Birol alertou que a guerra envolvendo o Irã tem potencial para provocar forte desestabilização no mercado energético.

De acordo com ele, os fluxos de petróleo e gás natural pelo Estreito de Ormuz praticamente cessaram, agravando o choque de oferta.

Em 2025, cerca de 20 milhões de barris por dia de petróleo bruto e derivados passaram pelo Estreito – aproximadamente 25% do comércio marítimo global da commodity. Desde o início do conflito, em 28 de fevereiro, os volumes exportados pela rota caíram para menos de 10% dos níveis anteriores, forçando operadores na região a interromper ou reduzir significativamente a produção.

Birol ressaltou, no entanto, que a prioridade deve ser restabelecer o tráfego no Estreito. “Mais importante do que liberar reservas estratégicas é garantir novamente o fluxo de petróleo por Ormuz“, declarou.

A AIE informou que os barris serão disponibilizados ao mercado conforme cronogramas definidos por cada país-membro e poderão ser complementados por outras medidas emergenciais.

Atualmente, os membros da agência detêm mais de 1,2 bilhão de barris em estoques estratégicos, além de cerca de 600 milhões mantidos pela indústria sob obrigação governamental. A iniciativa representa a sexta liberação coordenada da história da entidade, criada em 1974.

Gasolina sobe em Caruaru e chega a R$ 6,69; conflitos internacionais influenciam alta

Preço da gasolina sobe e chega a quase R$ 7 em postos de combustível — Foto: Reprodução/TV Bahia

O preço da gasolina voltou a subir em Caruaru, no Agreste de Pernambuco, e já chega a 6,69 o litro em diversos postos da cidade. O preço anterior era encontrado por cerca de R$ 6,09 nas bombas.

O reajuste foi observado em postos de diferentes bairros, como Indianópolis, Petrópolis e Nossa Senhora das Dores. Motoristas relatam que a alta ocorreu rapidamente, com registros de aumento duas vezes em menos de uma semana, o que prejudicou ainda mais quem depende do veículo no dia a dia.

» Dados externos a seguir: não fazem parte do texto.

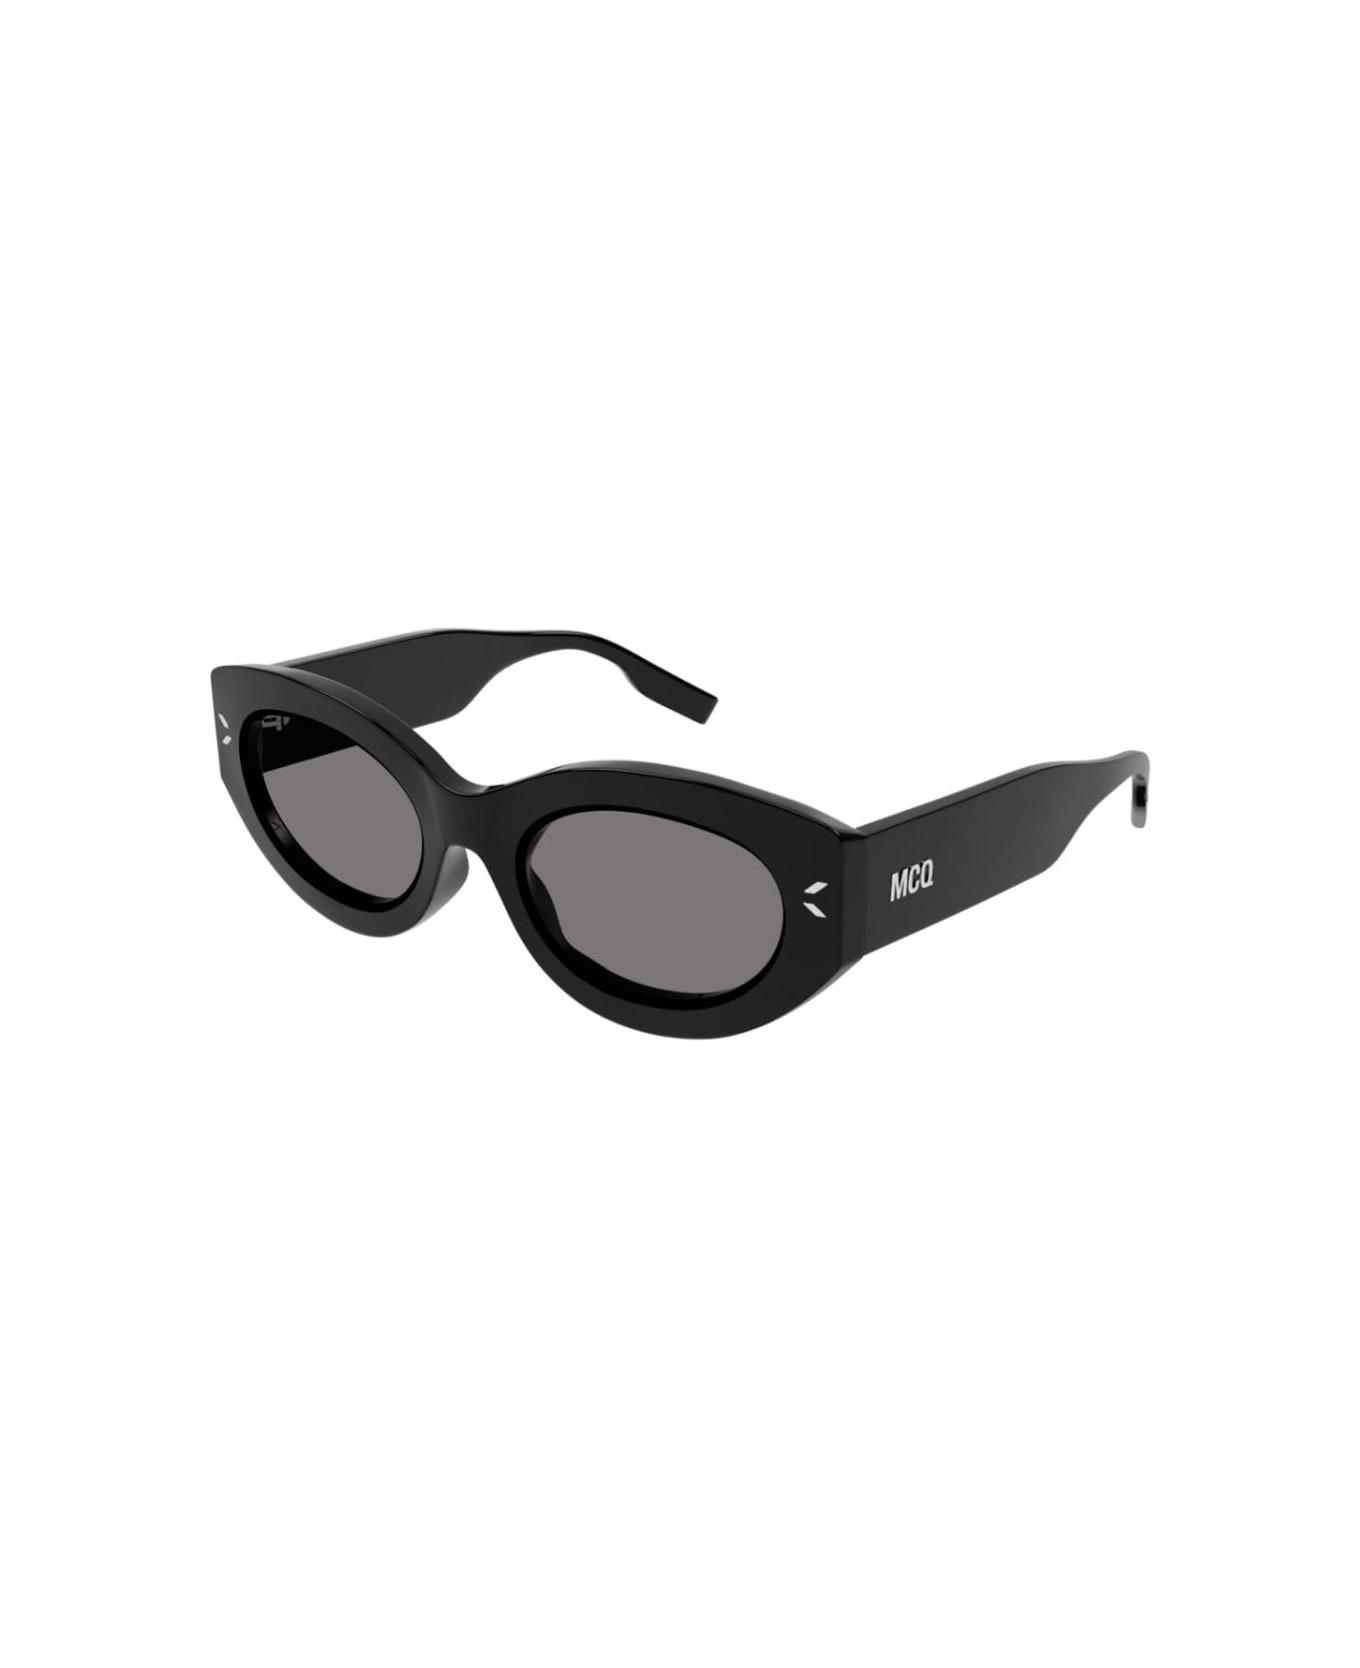 McQ Alexander McQueen MQ324s Sunglasses - Nero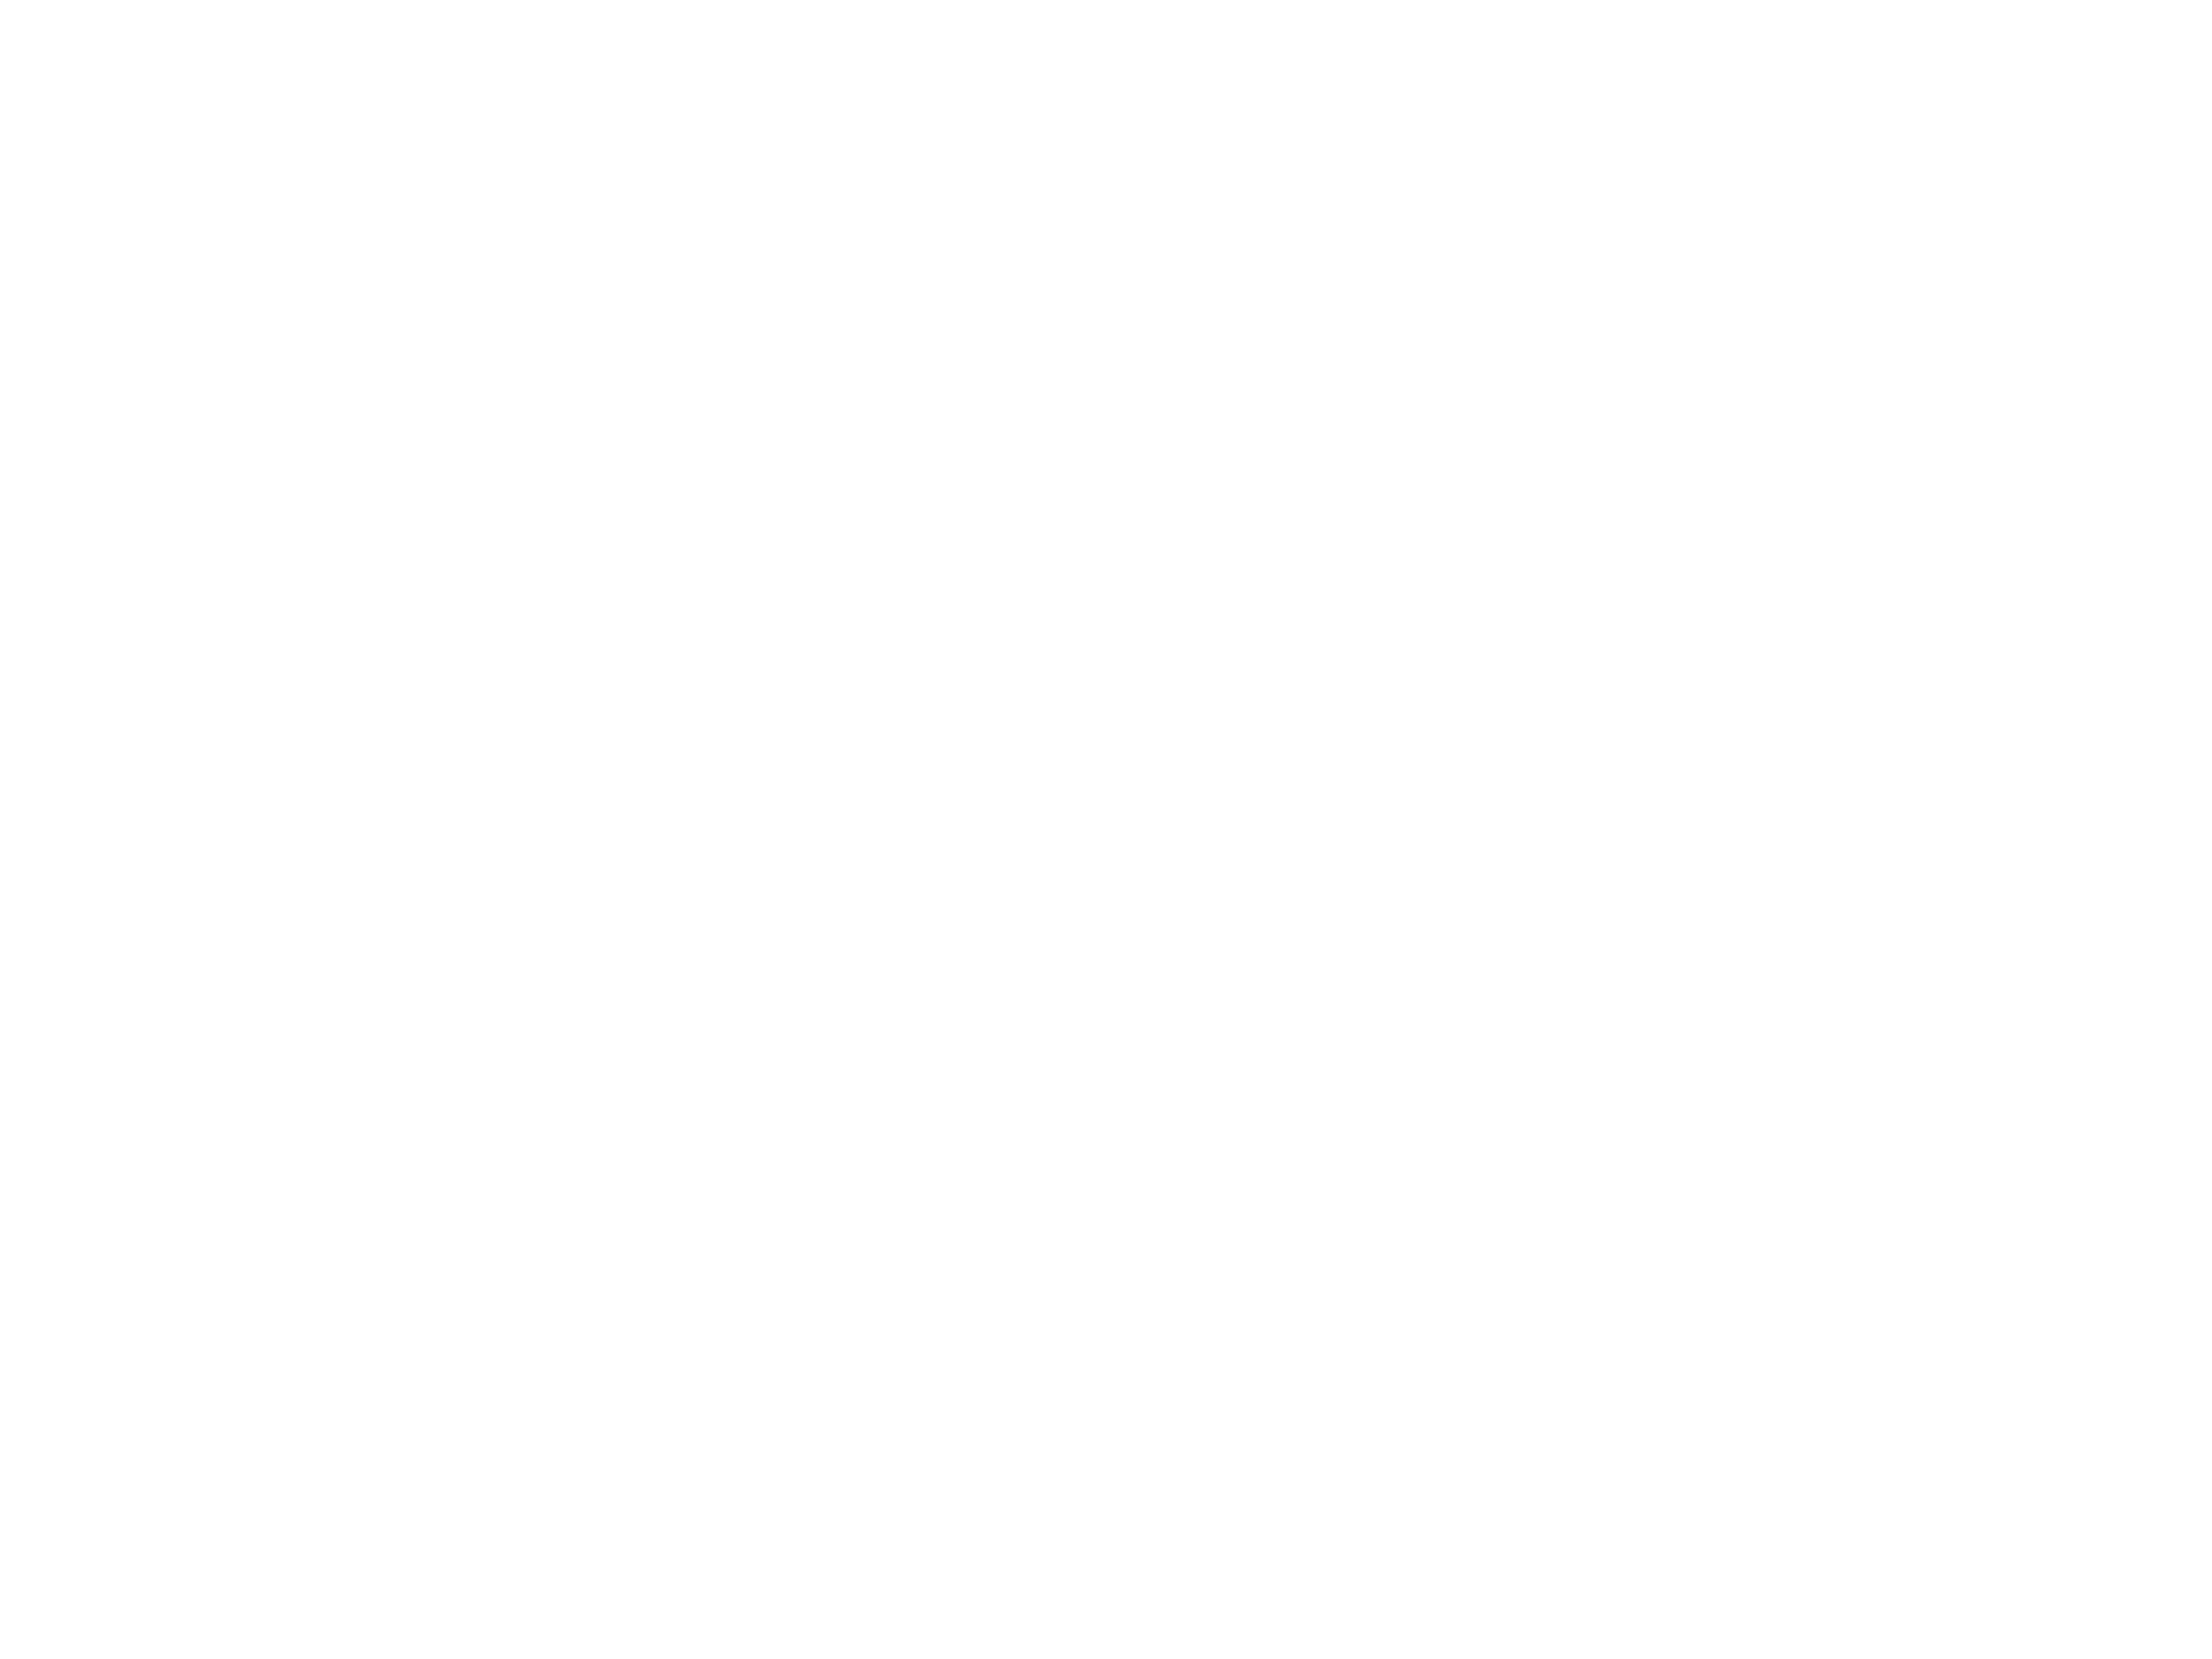 Royal Fools

Segundo dados da Petrobras, o preço médio da gasolina no Brasil é de R$ 6,28 por litro. O valor final pago pelo consumidor, no entanto, pode variar entre estados e municípios por causa de fatores como impostos, mistura obrigatória de etanol anidro, além dos custos de transporte, distribuição e comercialização.

Preço da gasolina sobe e chega a R$ 7,15 em Boa Vista

Preço da gasolina chega a R$7,15 e do diesel a R$7 em Boa Vista — Foto: Wellida Campos/Rede Amazônica

O preço da gasolina subiu e pode ser encontrado a R$ 7,15 nesta terça-feira (10) em postos de combustíveis de Boa Vista. Antes, o valor do litro da gasolina estava em R$ 6,95.

O aumento foi de 20 centavos, mais de 2%. A alta ocorre após o reajuste anunciado pelo Conselho Nacional de Política Fazendária (Confaz) em setembro do ano passado. O diesel é vendido a R$ 7 na capital.

A Confaz reúne representantes do governo federal e dos estados. Em janeiro, o cenário nacional era de que haveria uma elevação de R$ 0,10 por litro, chegando a R$ 1,57 na gasolina. Para o diesel, o aumento seria de R$ 0,05 por litro, alcançando R$ 1,17.

O presidente do Sindicato de Postos de Combustíveis (Sindipostos-RR), João Victor Kotinski, estima que a alta chegará a 60 centavos no valor da gasolina e de 80 centavos no do diesel em todos os postos de combustíveis. Ele atribui o reajuste à guerra dos Estados Unidos com o Irã.

“Estamos tendo diversos reajustes, desde a semana retrasada, em razão desse conflito dos Estados Unidos com o Irã. A expectativa nossa é que, em um futuro próximo, a gente possa estar voltando aos preços, que já não eram baratos, mas que, infelizmente, agora ficaram mais caros ainda”, disse.